Otherwise known as 'your people', or 'your team', or sometimes simply as 'our team' depending upon how heirarchical your approach is. Setting aside the issue of how technology teams and heirarchies arrange themselves (another post another day) the thing that interests me is to what degree managers, circumstances or staff conspire to 'educate' managers to be better managers. Or to what degree they don't. And whether it is possible to improve the chance of that education happening, and the quality of the outcome.

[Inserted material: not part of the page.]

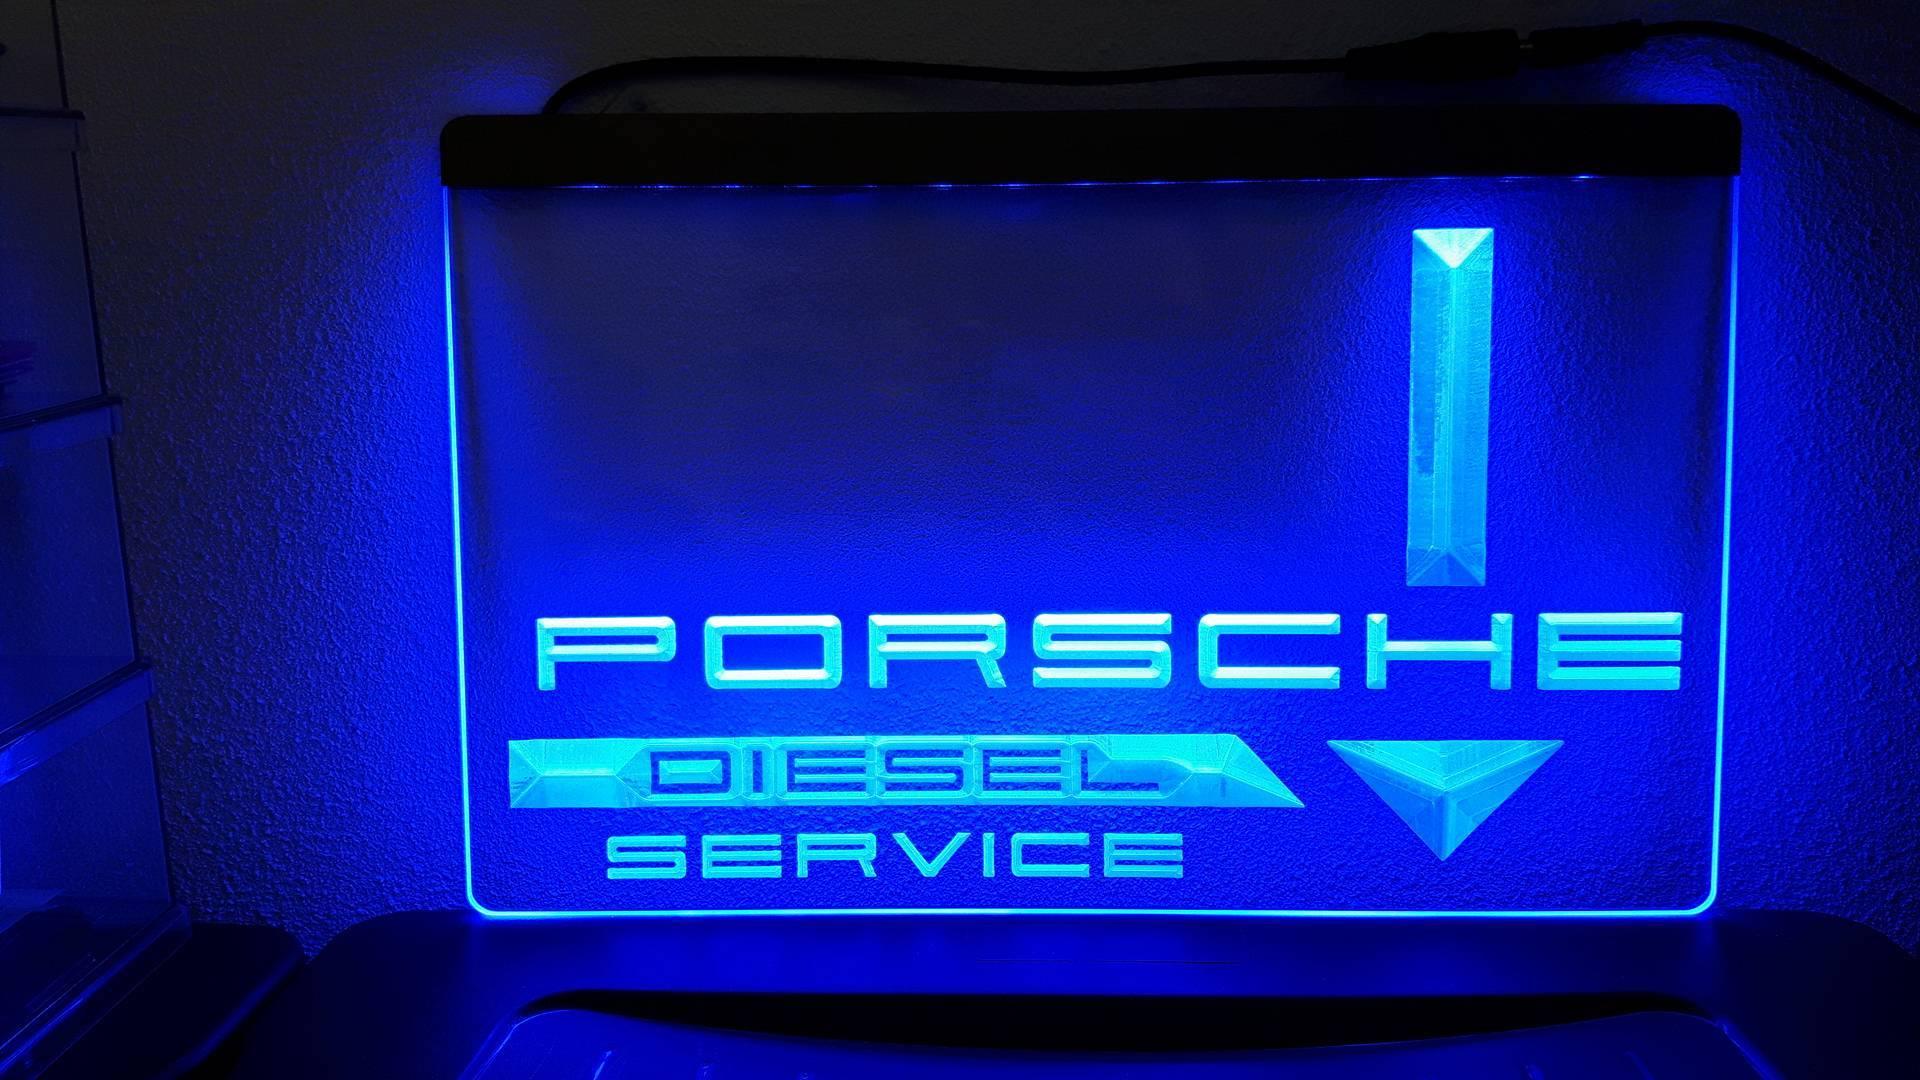 Porsche diesel tractor 3d logo led reclame verlichting for Tractor verlichting

I think we can start from the premise that while many managers are 'born to lead' most of us have had to learn 'along the way'. We learn (those 'qualities of a good manager' ) from our peers and through formal training. What interests me (and its usually only the non-obvious that interests me) is to what extent we (managers) learn from the people we are supposed to 'lead' or 'manage' and (as a slight detour) to what degree we use referential experience (that's to say 'borrow' from our experience outside our work life) and how well that works.
Talking about learning from your own people also makes wonder about the ways that might occur, whether its through people 'telling us directly' or 'leading by example' or though 'telling stories' that illuminate things for us even though the connection is 'not immediately obvious', or simply by things that they do (or refuse to do). It seems, as you consider the channels by which this learning might occur that you could increase the likelihood of it occurring (which is something I wasn't convinced of when I started this train of thought). Of course any of this requires that you are already 'sensitive' enough as a manager to notice when your staff defy you or shout at you, and humble enough to take it as a 'enlightenment opportunity' rather than a declaration of war.
I think I'll let this concept sit for a while and see what grows out of it, and thank my colleague for the perfect enlightenment moment out of which this concept grew.